Performance Tuning

Overview

Unmute’s performance can be optimized across multiple dimensions: Time-to-First-Token (TTFT) latency, overall throughput, and resource utilization. This guide covers tuning strategies based on the production deployment at unmute.sh.

Key Metrics

Unmute tracks several critical performance metrics (defined in unmute/metrics.py):

Latency Metrics

STT TTFT: Time to first token from Speech-to-Text (target: less than 50ms)
LLM TTFT: Time to first token from Language Model (target: less than 200ms)
TTS TTFT: Time to first audio from Text-to-Speech (target: less than 450ms)
Ping Time: WebSocket round-trip latency (target: less than 100ms)

Throughput Metrics

Active Sessions: Concurrent user connections
Words per Second: STT/TTS/LLM processing rates
Realtime Factor: TTS generation speed vs playback speed (target: less than 1.0)

LLM Optimization

Model Selection

Default model: meta-llama/Llama-3.2-1B-Instruct (6.1GB VRAM) Recommended alternatives:

llm:
  command:
    [
      # Smaller, faster (lower latency)
      "--model=meta-llama/Llama-3.2-1B-Instruct",
      
      # Better quality, higher latency
      # "--model=mistralai/Mistral-Small-3.2-24B-Instruct-2506",
      # "--model=google/gemma-3-12b-it",
    ]

Trade-offs:

Smaller models: Lower latency, less memory, reduced quality
Larger models: Better responses, higher latency, more memory

Memory Configuration

llm:
  command:
    [
      "--model=meta-llama/Llama-3.2-1B-Instruct",
      
      # Context window size - affects conversation length
      "--max-model-len=1536",  # Reduce for lower memory usage
      
      # Precision setting
      "--dtype=bfloat16",  # Best balance of speed and accuracy
      
      # GPU memory allocation
      "--gpu-memory-utilization=0.4",  # Increase for better throughput
    ]

Tuning guidelines:

--gpu-memory-utilization: Increase from 0.4 to 0.7-0.9 if GPU is dedicated to LLM
--max-model-len: Reduce from 1536 to 1024 for shorter conversations, lower memory
--dtype: Use bfloat16 for best performance (requires Ampere+ GPUs)

Temperature Settings

Unmute uses different temperatures for varied responses (from unmute_handler.py):

FIRST_MESSAGE_TEMPERATURE = 0.7   # More creative conversation starters
FURTHER_MESSAGES_TEMPERATURE = 0.3  # More consistent follow-up responses

Lower temperature = more deterministic, faster generation.

TTS/STT Optimization

Service Configuration

TTS and STT services are configured via TOML files in services/moshi-server/configs/:

tts:
  command: ["worker", "--config", "configs/tts.toml"]
  
stt:
  command: ["worker", "--config", "configs/stt.toml"]

Volume Caching

Critical for fast startup and inference:

tts:
  volumes:
    - ./volumes/hf-cache:/root/.cache/huggingface
    - ./volumes/tts-target:/app/target  # Rust build cache
    - ./volumes/uv-cache:/root/.cache/uv  # Python package cache
    - /tmp/models/:/models  # Pre-downloaded models

Optimization: Pre-download models to /tmp/models/ to avoid startup delays.

Voice Cloning

Voice selection affects TTS latency.

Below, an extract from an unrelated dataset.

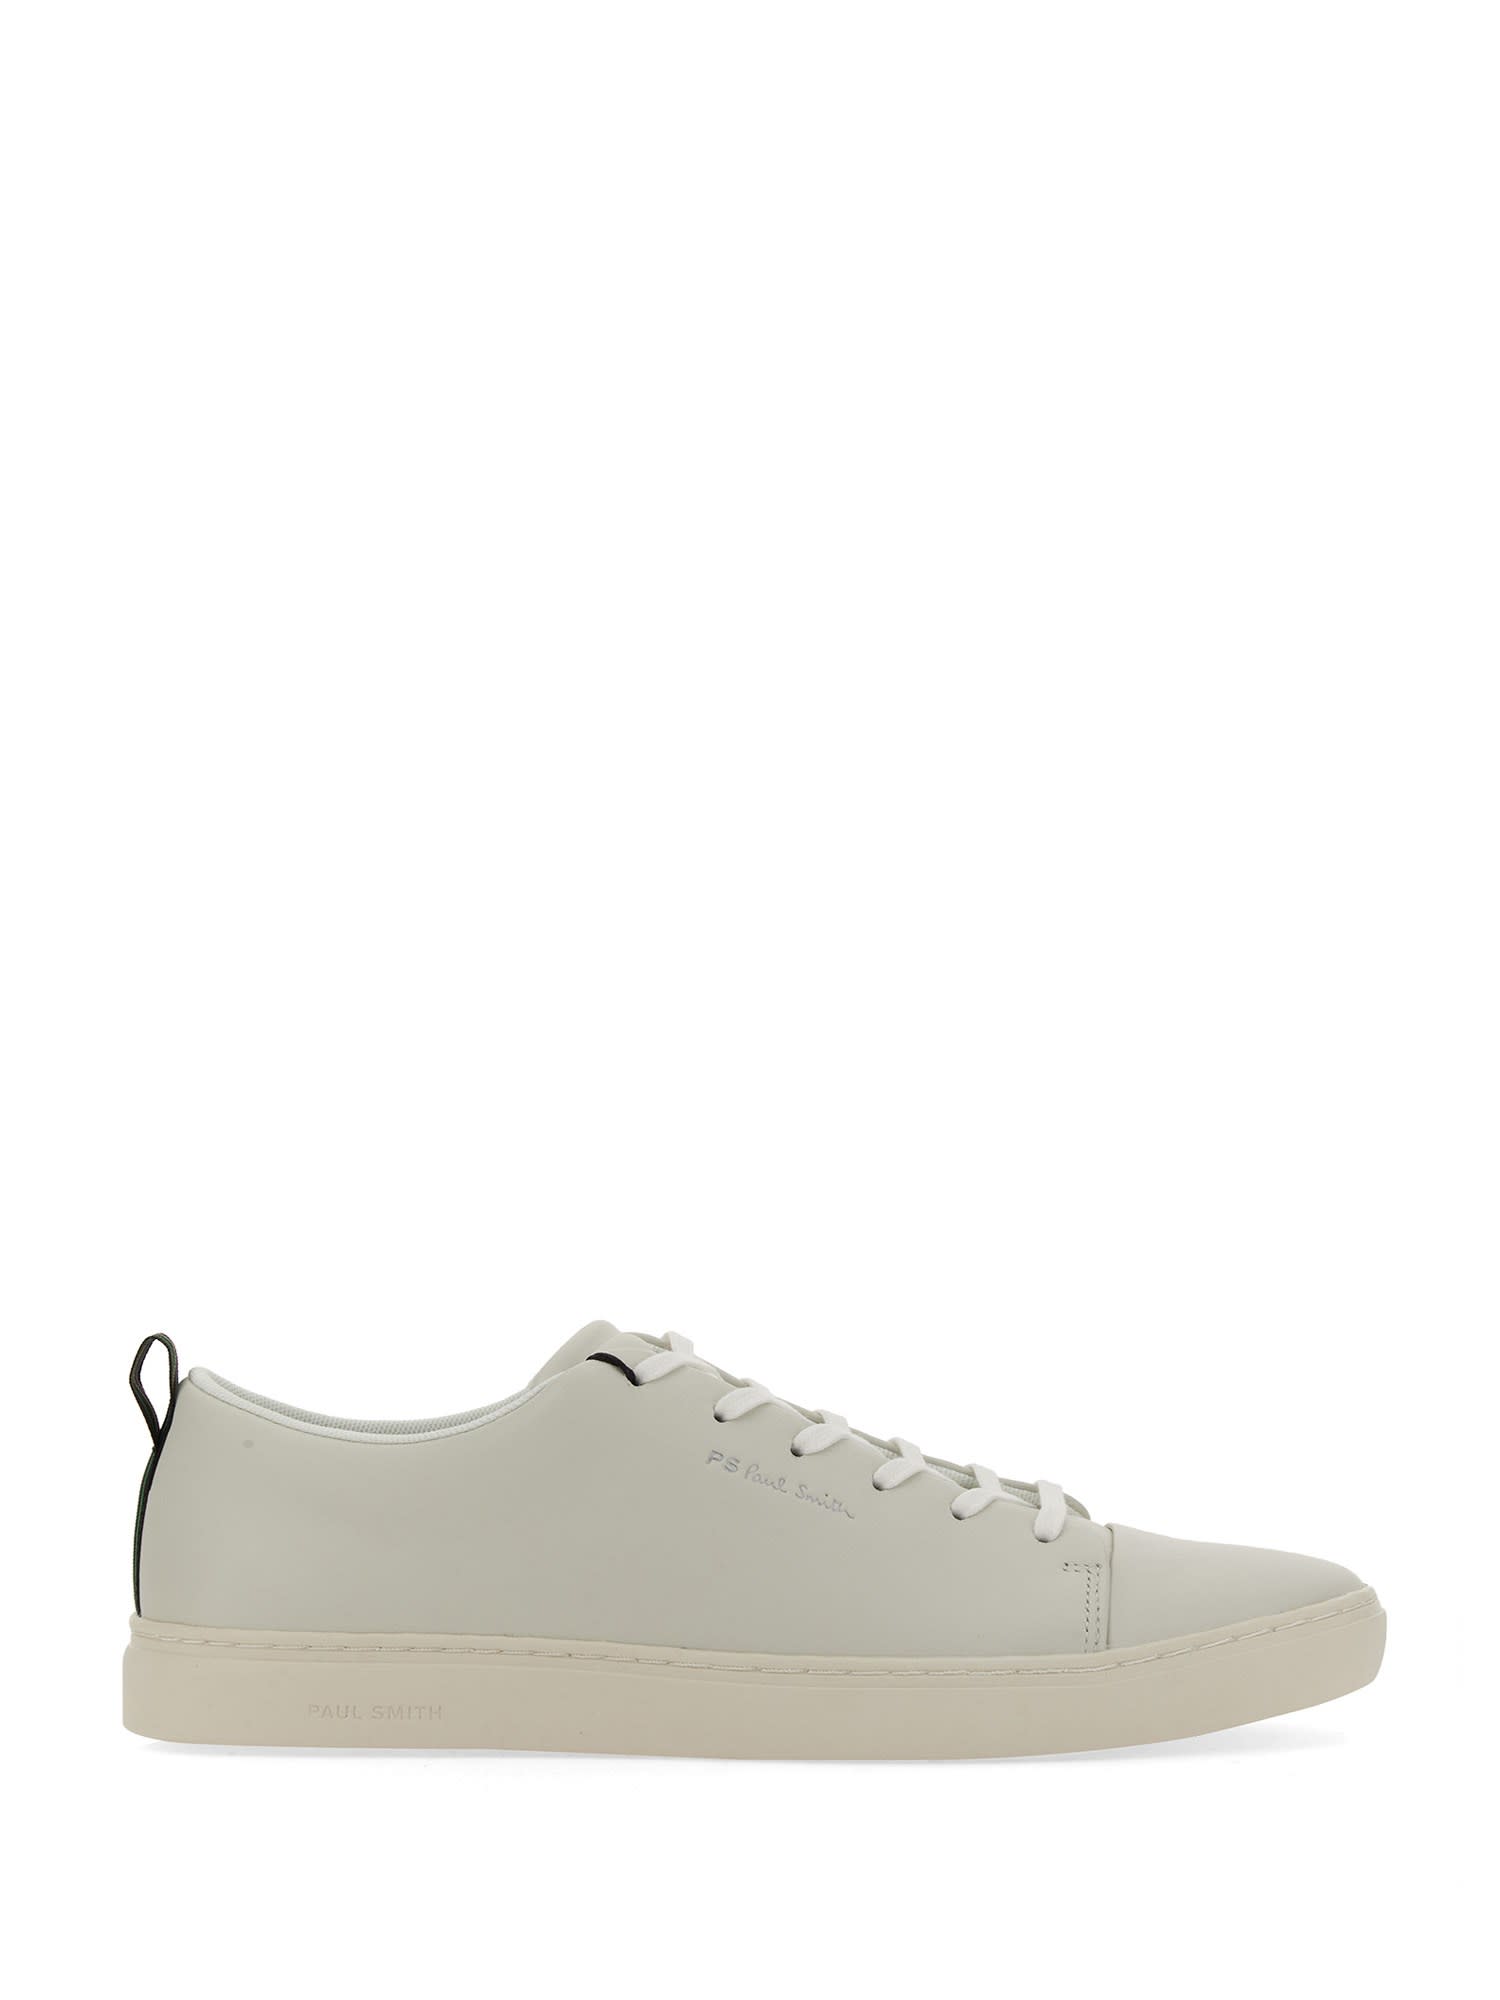 PS BY PAUL SMITH SNEAKER WITH LOGO

Voices are defined in voices.yaml:

- name: "Friendly AI"
  source:
    path_on_server: "voice-donations/Haku.wav"
  system_prompt: "You are a helpful AI assistant."

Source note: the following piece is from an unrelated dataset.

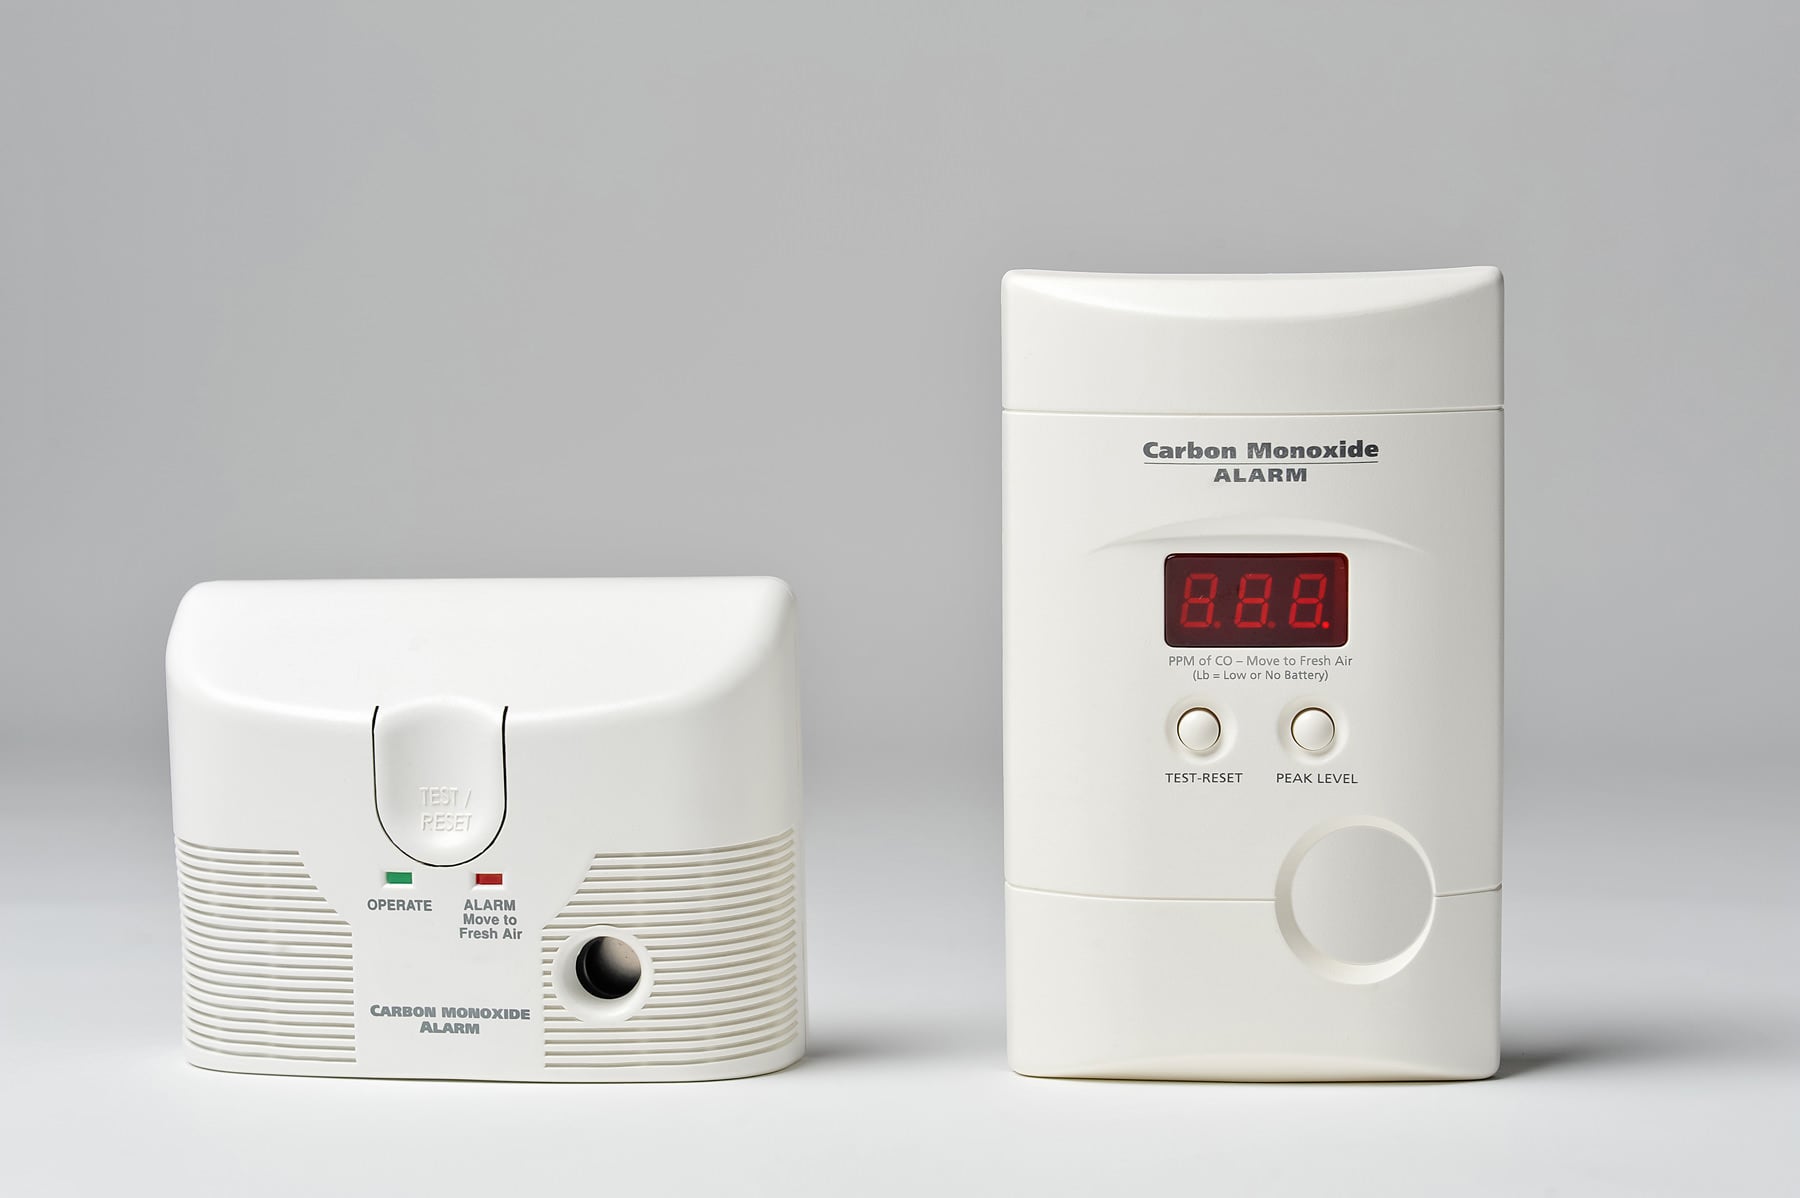 OHFA Mandates Carbon Monoxide Detectors In Units Occupied by Section 8 Residents

Use simpler voice samples for slightly faster processing.

Network Optimization

Audio Frame Size

From unmute_handler.py:

OUTPUT_FRAME_SIZE = 1920  # samples per frame
FRAME_TIME_SEC = 0.04     # 40ms frames

Note: Increasing OUTPUT_FRAME_SIZE may reduce overhead but increases latency. The default 480 samples is optimized to prevent choppy audio.

WebSocket Configuration

Unmute uses Opus encoding for efficient audio streaming:

writer = sphn.OpusStreamWriter(SAMPLE_RATE)  # 24kHz
reader = sphn.OpusStreamReader(SAMPLE_RATE)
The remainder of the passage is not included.